Does this really need to be a double if, as in the example, folks are setting whole number percentages? Same goes for buffer

hmm fair point, changed jitter, buffer, and sample_aggregate_percentile from DoubleValue to UInt32Value. These are whole-number percentages (0–100) in practice, and UInt32Value still preserves nullability so unset values correctly fall back to Envoy's defaults (15%, 25%, p50 respectively).

Note: Envoy's proto uses type.v3.Percent which wraps a double, but since Istio doesn't import Envoy types and fractional percentages aren't practically useful here, UInt32Value is a better fit and consistent with other fields in this message (request_count, min_concurrency).
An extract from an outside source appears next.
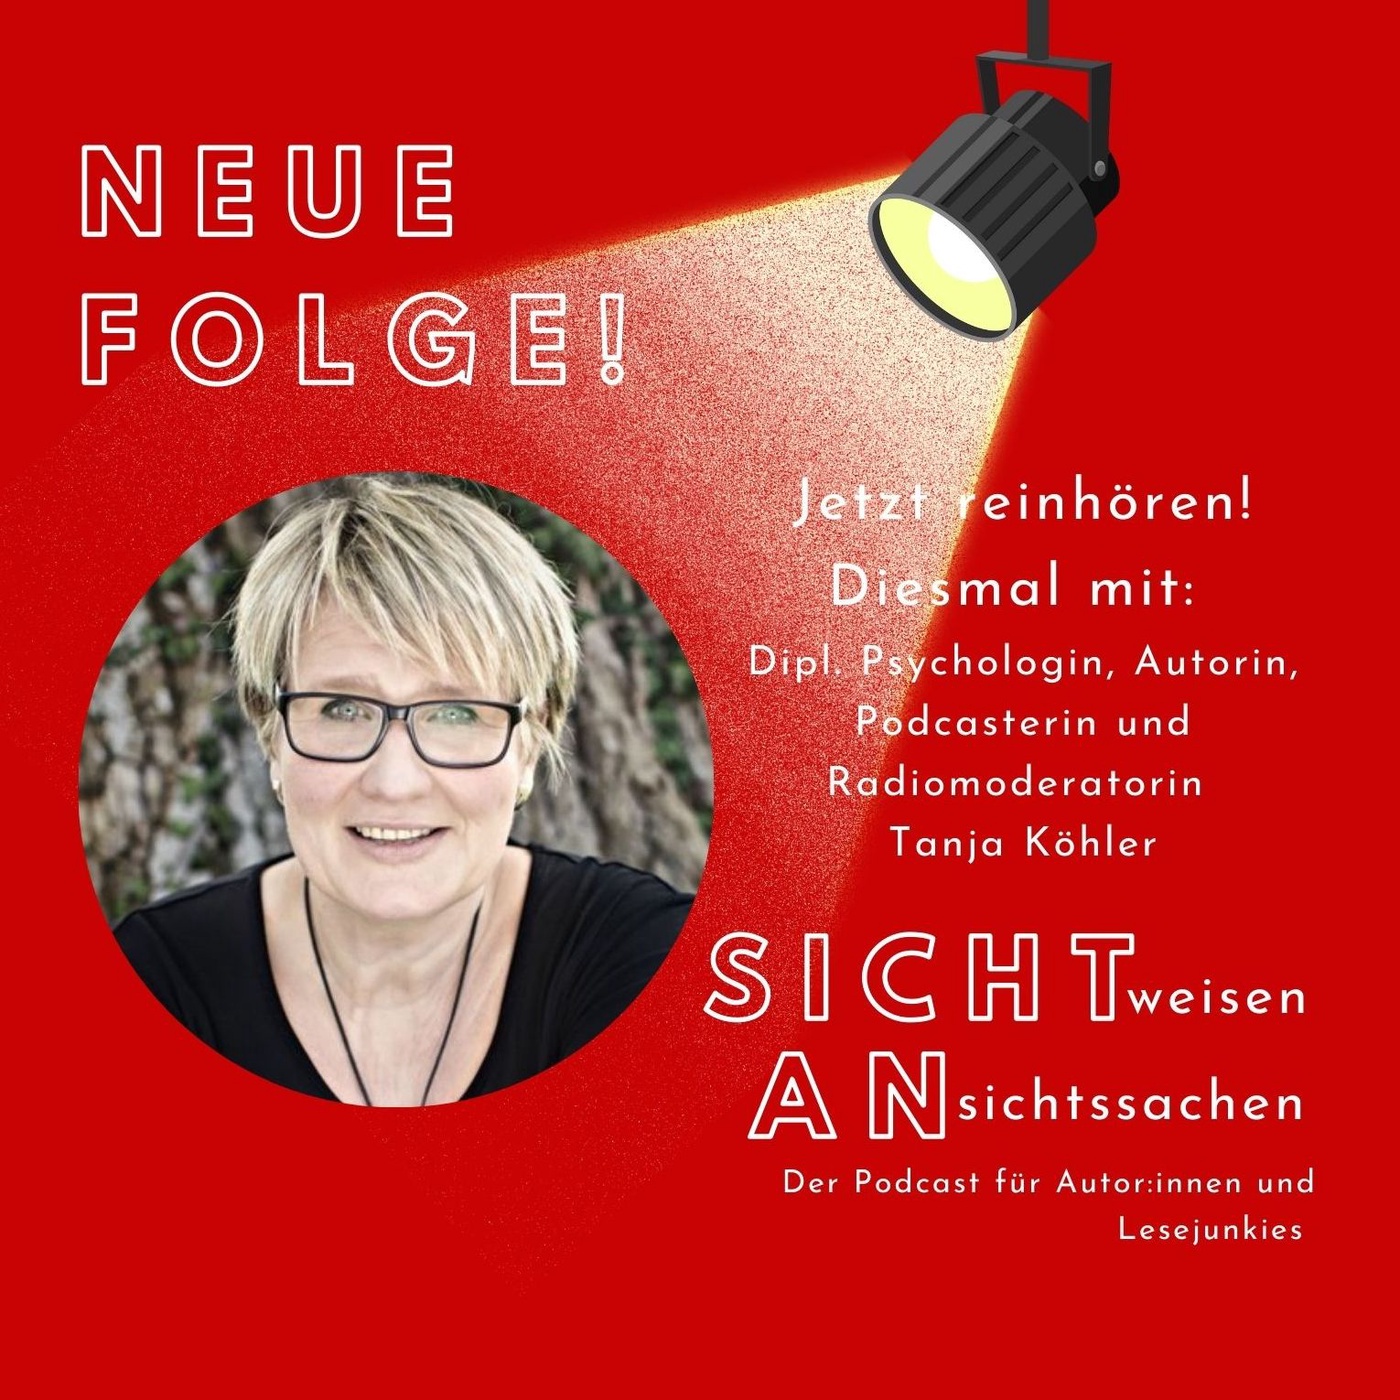 Tanja Köhler - von der Autorin zur eigenen Radiosendung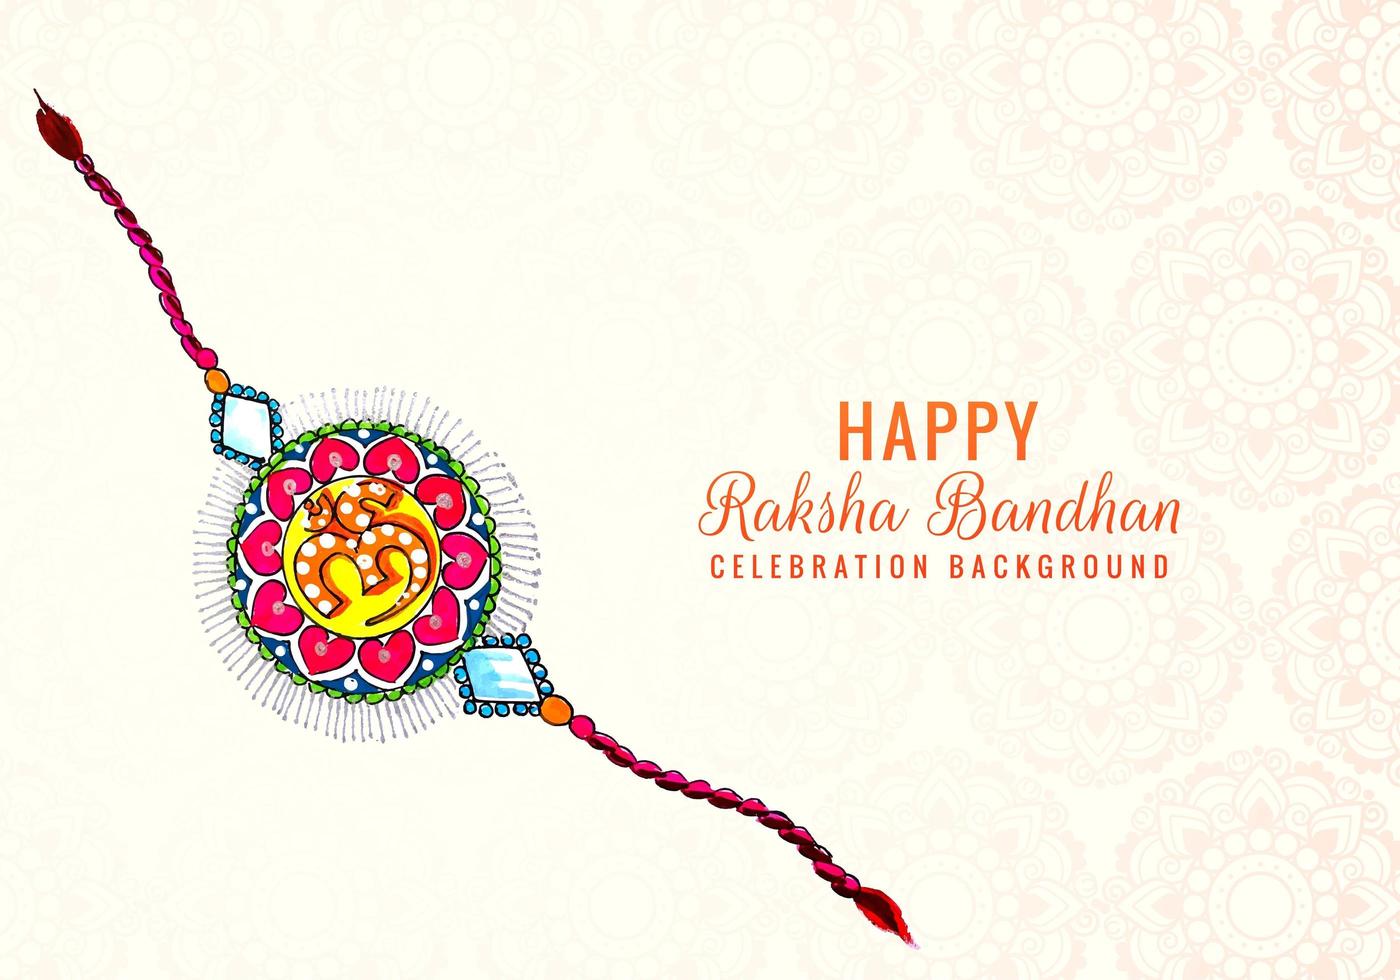 färgglad dekorerad rakhi för indisk festival vektor

Let me know what you think.

keithmattix · 2026-03-11T22:47:12Z

networking/v1alpha3/destination_rule.proto

+    MinimumRTTCalculationParams min_rtt_calc_params = 3 [(google.api.field_behavior) = REQUIRED];
+  }
+
+  oneof concurrency_controller_config {


Why is this a oneof?

It's a oneof in the Envoy v3 proto to allow for future concurrency controller types beyond the gradient controller, but from what I can understand, Envoy has only ever had the gradient controller (since the filter was introduced), so in practice there's only one option. We can still drop OneOf but if we have to align with Envoy Proto we can let it stay.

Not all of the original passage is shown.